ESPnet Hackathon 2023
Published:
TL;DR: The experience collaborating with Prof. Shinji’s research group from CMU on ESPnet Hackathon. Our paper: Exploring Speech Recognition, Translation, and Understanding with Discrete Speech Units: A Comparative Study was accepted in ICASSP 2024.
1 ESPnet Hackathon 2023
Back in the summer of 2023, I joined the ESPnet Hackathon after seeing information about it in a post of Prof. Hong-Yi, Lee, my current MS advisor. At that time, I was a third year undergrad with only a basic understanding of speech processing. Little did I know that these three days would become the most remarkable experience in my research journey.

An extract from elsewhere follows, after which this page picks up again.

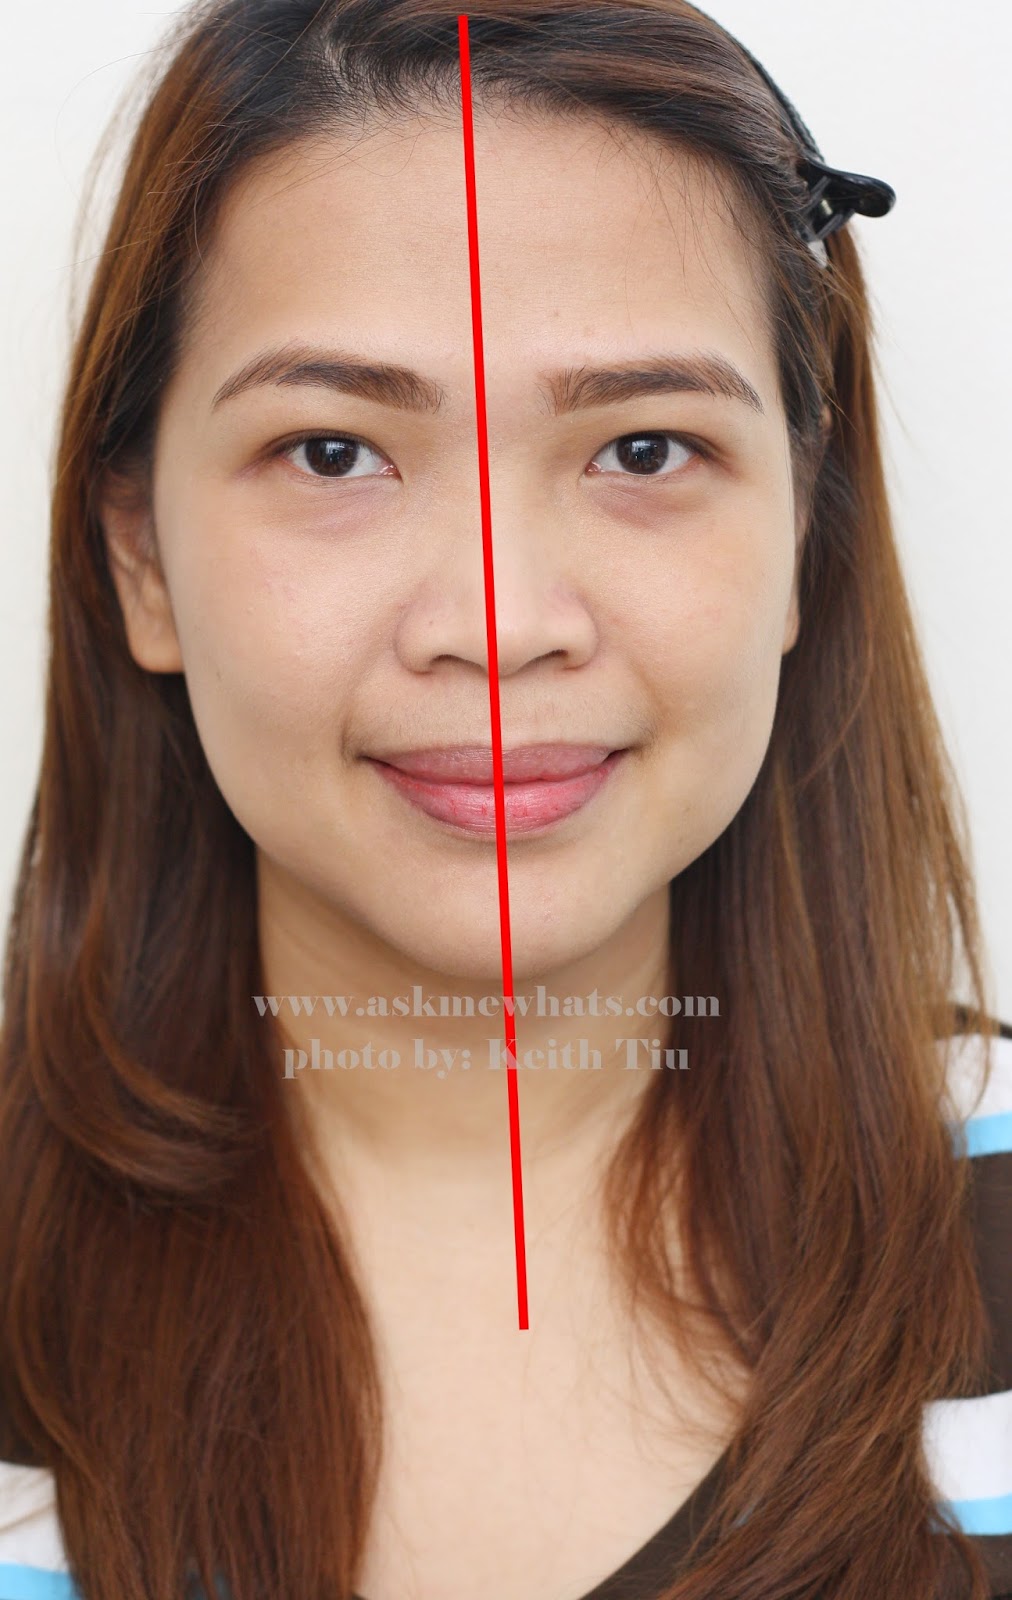 before and after using L'Oreal Paris Lucent Magique BB Skin Luminizing BB Cream SPF19

The intense schedule of meetings pushed everyone to submit PRs to the espnet toolkit. The CI tests passed, many bugs were fixed, and some new scripts were developed in an astonishing speed. It is worth mentioning that Prof. Shinji turned out to be the most productive member, submitting hundreds of PR during those three days.
2 Discrete unit ASR
At that time, I was studying Meta’s dGSLM and had developed an interest in discrete tokens. I even shared a talk at Prof. Hsuan-Tien’s regular group meeting. Fortunately, I encountered a group of researchers there with the similar interests. We gathered in a Slack channel and decided to extend the asr2 recipe to many other corpora, including AISHELL, Wenetspeech, CommonVoice, Gigaspeech, SwitchBoard, TEDLIUM3, etc.
We define asr1
and asr2
as:
asr1
: ASR task using Kaldi’s fbank feature as input signal.asr2
: ASR task modeled as a machine translation task from HuBERT’s unit(with deduplication + BPE) to text(with BPE)
2.1 Train ASR Model on Huge Corpus
I chose to conduct discrete ASR experiments on the Wenetspeech corpus, a Chinese 10,000-hour speech corpus with transcriptions. At that time, I had no idea what working with 10,000 hours of data meant.

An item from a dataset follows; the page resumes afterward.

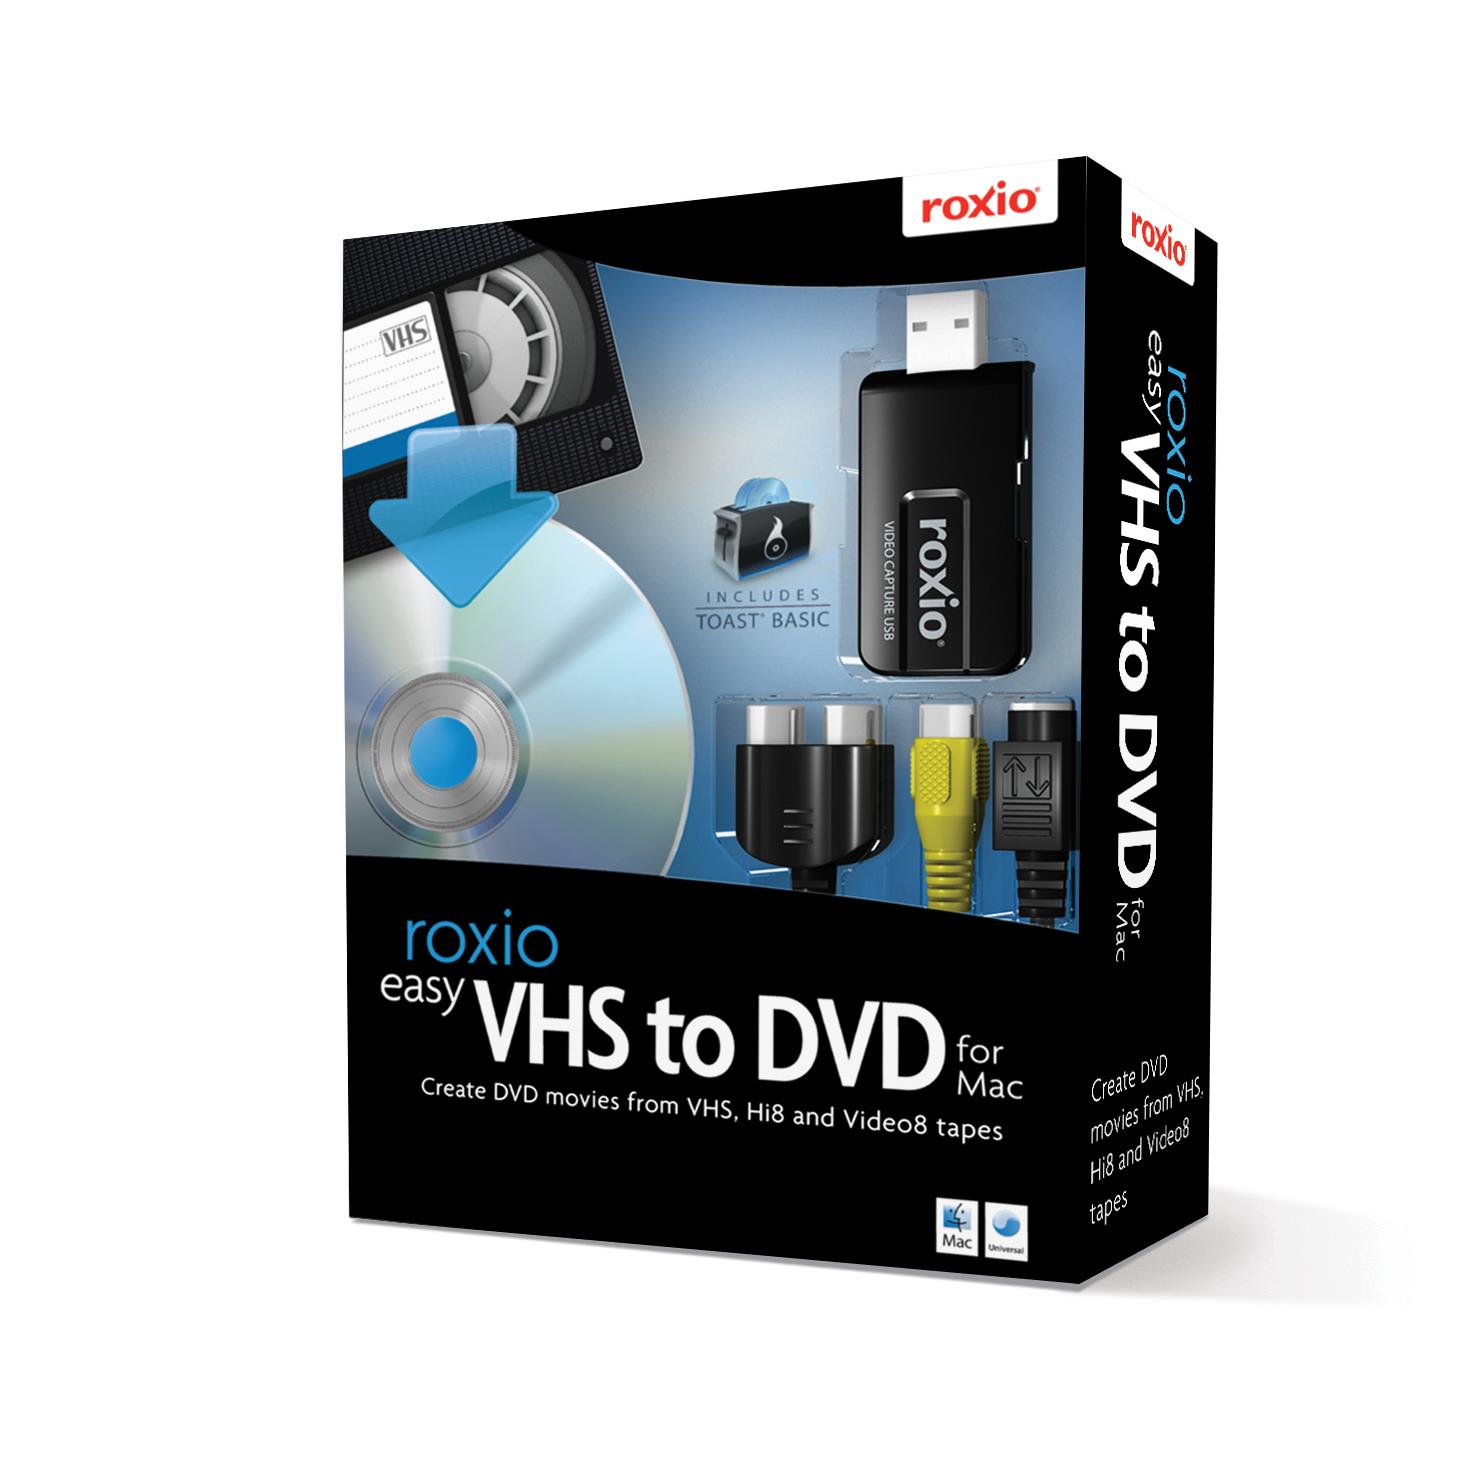 Video Capture Hardware For Mac Os X

We utilized a relatively small E-branchformer-transformer encoder-decoder model with 41M parameters. However, running experiments on a 2TB corpus proved to be challenging. I encounter endless disk-quota exceed, Cuda OOM, and even server shutdown(for which I am truly sorry) during extracting HuBERT feature, training Kmeans model, and training the ASR model.
I would now think twice before conducting experiment with Wenetspeech again.
2.2 Results
asr1
and pengcheng
are the baseline ASR model that convert fbank feature into transcription. asr2
is our proposed method. We model the ASR task as a machine translation task from discrete Chinese HuBERT’s units to Chinese BPE transcription.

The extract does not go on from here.